We all feel embarrassed. It is an emotion that most of us face in our lifetime. Some might have felt it when they fell on the road. Someone could have felt it when they said a bad word in public. We can feel ashamed for ourselves or on behalf of others. This emotion is different for everyone. It affects us all differently. Some people can laugh it off. Some people are deeply affected by it. This article, therefore, focuses on how to handle embarrassment and get over it.
Signs of Embarrassment
- Our cheeks become flushed
- We may internally or externally claim ‘oops!’

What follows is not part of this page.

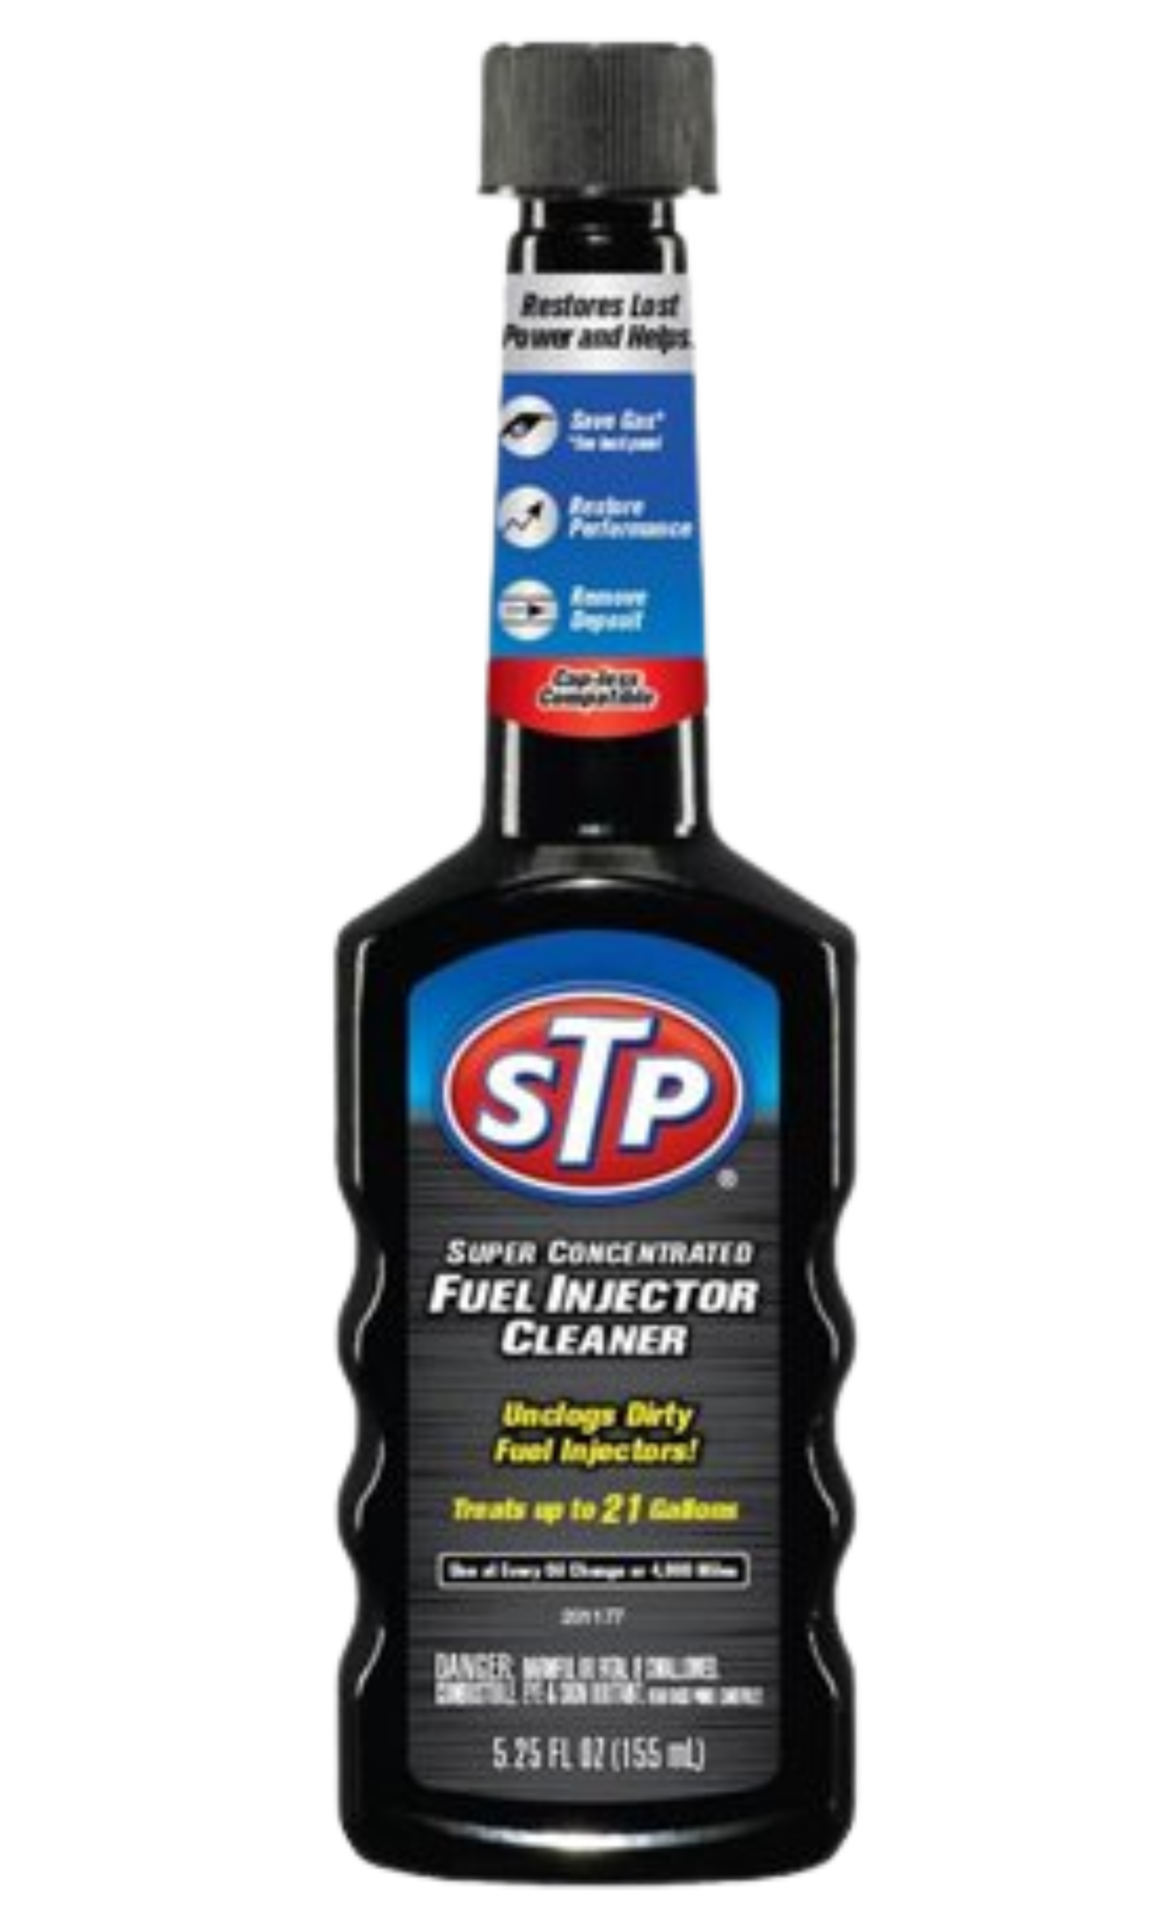 STP Super Concentrated Fuel Injector Cleaner 12/5.25 oz.

- We try to escape the situation as soon as possible
- Our eyes may lower down
- We will start to explain our actions
An embarrassed person may feel guilty and exposed. The event that triggers embarrassment can be a positive one. For example, someone can call us cute and we may feel embarrassed. This could be because we are caught off guard. The event can be a negative one. For instance, when we suddenly sneeze in a meeting. The reason for feeling ashamed is because think that people judge us. We think others are only observing us. In addition to this, we also feel that we are breaking a social norm.
Do People Experience Embarrassment Differently?
Psychological Reasons for a Harsh Inner-Critic
- Parenting: Children who are raised by strict parents can have poor self-esteem. They may have a constant need to be perfect in life. Parents would have set great expectations for them. This is why the children may need to excel. Sometimes when the parents are too permissive, children feel shocked at hearing any criticism from others. This happens because parents have never been assertive with them. When they are in an awkward situation, they may not know how to handle embarrassment.
- Mental Disorder: When someone is going through depression, they feel hopeless and worthless. They feel that their actions let down others around them. Depressed people have negative thoughts. They may not know how to positively handle embarrassment or get over it. They can have maladaptive thought patterns. An anxious person who is hyper-alert may feel that everyone will make fun of them if they make a mistake.
- Social and Cultural Factors: If culture places a lot of importance on morals and values, a person will feel more embarrassed after breaking a social norm. Some societies teach children to handle embarrassment constructively. However some reprimand children for even a small mistake.
How to Handle Embarrassment?
- Acceptance: We must accept that we are all humans. We can all fail and have flaws. When we accept this, we forgive ourselves for small mistakes. Accepting that everyone makes mistakes also makes us feel less lonely. Accepting ourselves makes us handle embarrassment healthily and constructively.
- Reduce Concern: We must not worry about what others think of us. In most situations, people are least bothered by what we do. We may fall down the stairs and people may forget it in the next ten minutes. It is important to realise that others don’t always look at us. They have a life of their own.
- Introspect: Whenever we think that we have committed a mistake, we must introspect. We must not criticize ourselves. Introspection helps us understand whether the mistakes can often be rectified. When we introspect, we realise that it is not fair to be hard on ourselves. It will also help in understanding the intensity of the mistake. We can understand that small mistakes don’t matter much.
How to Deal With Embarrassment?
- Laugh It Off!: When you laugh at your embarrassing moment, you don’t ruminate over the embarrassing moment. You simply shrug it off. You don’t remember the even for a longer time once you forget about it.
- Maintain a Thought Journal: This can be a place where you can vent out your emotions. Feel comfortable with the awkward situation. You can write what could have been done differently, if at all. You can also rethink the situation and write it down. When we rethink, we realise that there are many factors involved in a situation. For example, when you fall in public, you can realise that there was water on the floor.
- Call Friends or Family: Getting a third person’s perspective helps us understand that we are not alone. Many people face awkward moments. Our loved ones also make us feel belonged. We feel heard.
- Channelize Your Energy: Instead of thinking about the awkward moment, think of ways how you can divert your thoughts. After an embarrassing event, go eat a favourite dish, write a song or read a book.
Letting Go of Embarrassment
We can practice gratitude daily. This makes letting go of any awkward situation easier. Finally, we should realise that being embarrassed serves a very important purpose. It makes it easier for us to understand what others go through. It teaches us that we can never always be perfect. We get a chance to improve ourselves. At times it just makes everyone laugh in a tense situation.